Pour de nombreux Canadiens, le hockey est plus qu’un sport. C’est un esprit commun de dévouement, de sacrifice et de travail d’équipe. Pendant les Jeux olympiques d’hiver (qui se déroulent actuellement au moment de la publication du présent document,), ce lien ne fait que se renforcer lorsque nous regardons les athlètes représenter le Canada sur la scène mondiale après des années de préparation qui passent souvent inaperçues.
Anne Alary, sergente d’état-major de la Gendarmerie royale du Canada (GRC), comprend bien cet engagement constant.
Avant d’être sous-officière responsable du groupe de l’enlèvement des explosifs de la Direction générale et du Centre des politiques à Ottawa, Anne était une joueuse de hockey de haut niveau qui évoluait avec les Raiders d’Ottawa dans la Ligue professionnelle de hockey féminin.

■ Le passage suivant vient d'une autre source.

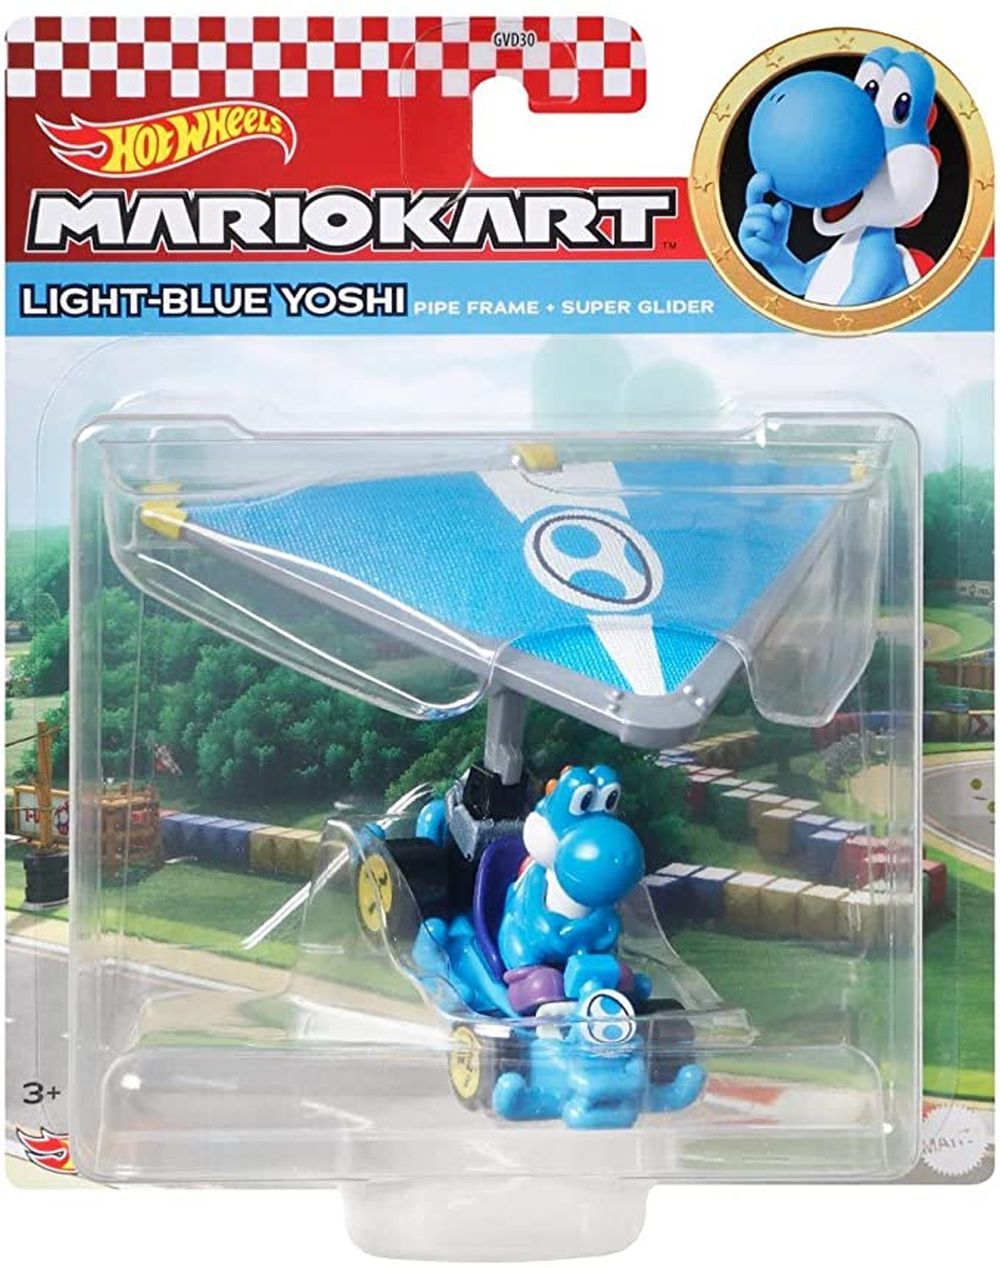 MATTEL Light-blue Yoshi Mariokart Super Glider - 
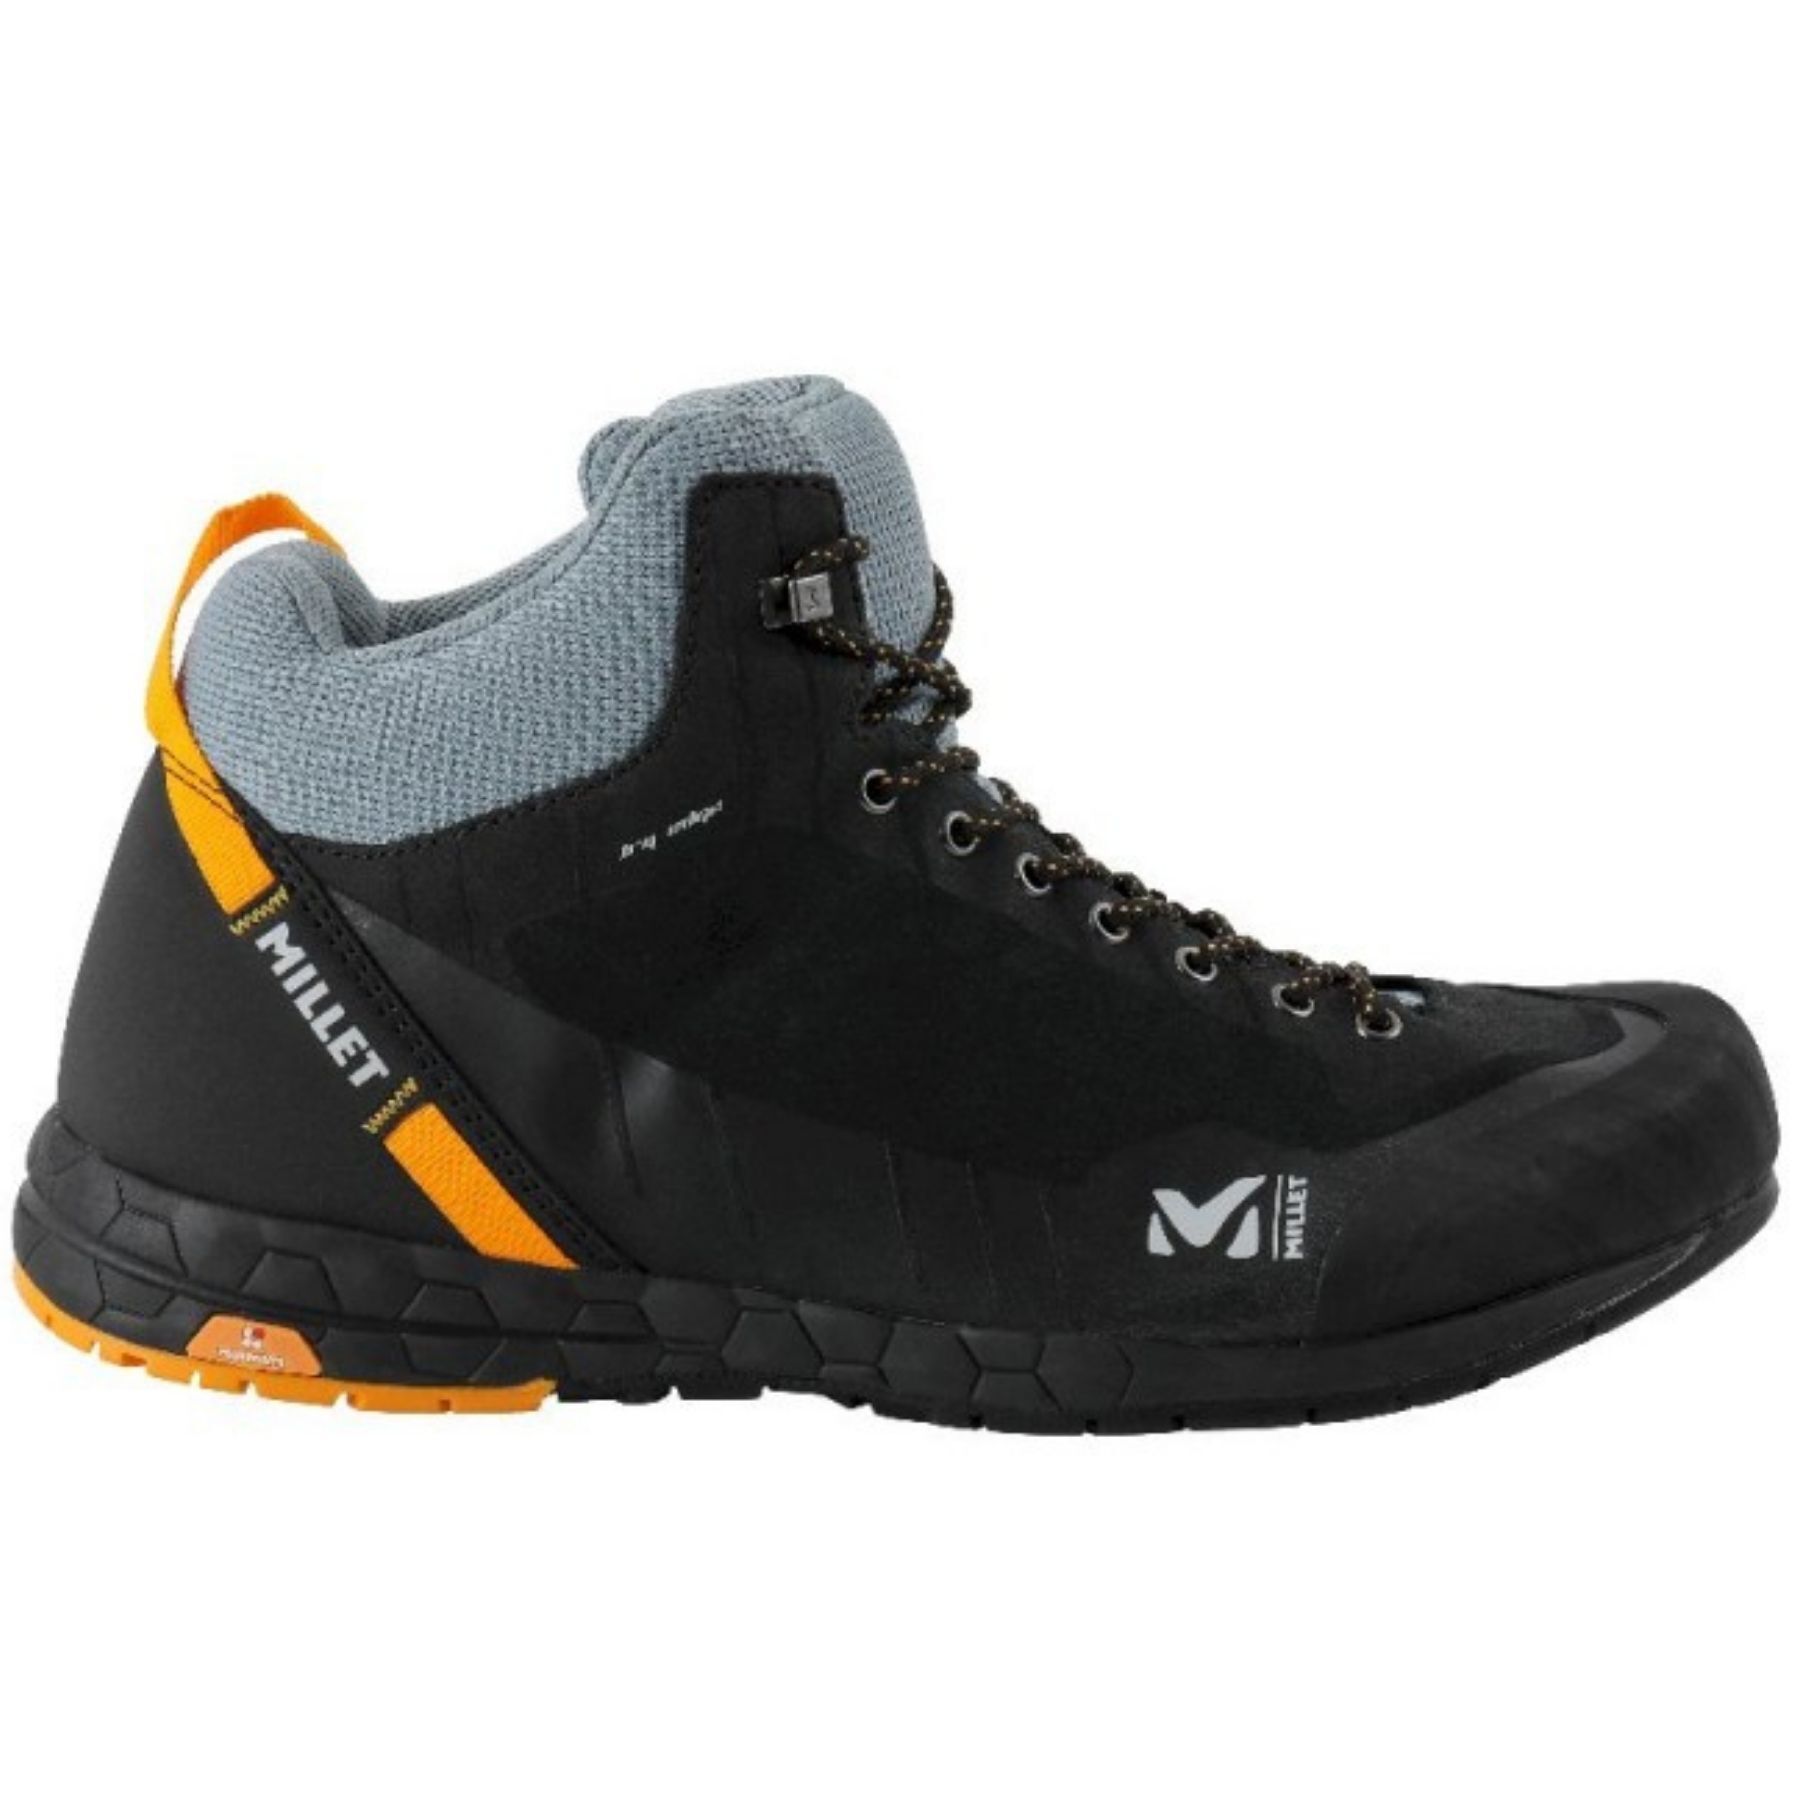 Millet Amuri Leather Mid - Approach shoes - Men's

Aujourd’hui, elle occupe également le poste d’entraîneuse-chef de l’organisation de hockey féminin des East Ottawa Stars dans la catégorie M18 de calibre AA et a récemment été nommée nouvelle entraîneuse adjointe de l’équipe des Wildcats de Nepean dans la catégorie M22 élite de calibre AA. Elle forme ainsi la prochaine génération d’athlètes tout en dirigeant en coulisses l’un des environnements les plus spécialisés et les plus axés sur la préparation de la GRC.
Même si le contexte peut varier, l’état d’esprit, les compétences et le dévouement nécessaires chez un athlète professionnel et chez un policier se ressemblent étonnamment.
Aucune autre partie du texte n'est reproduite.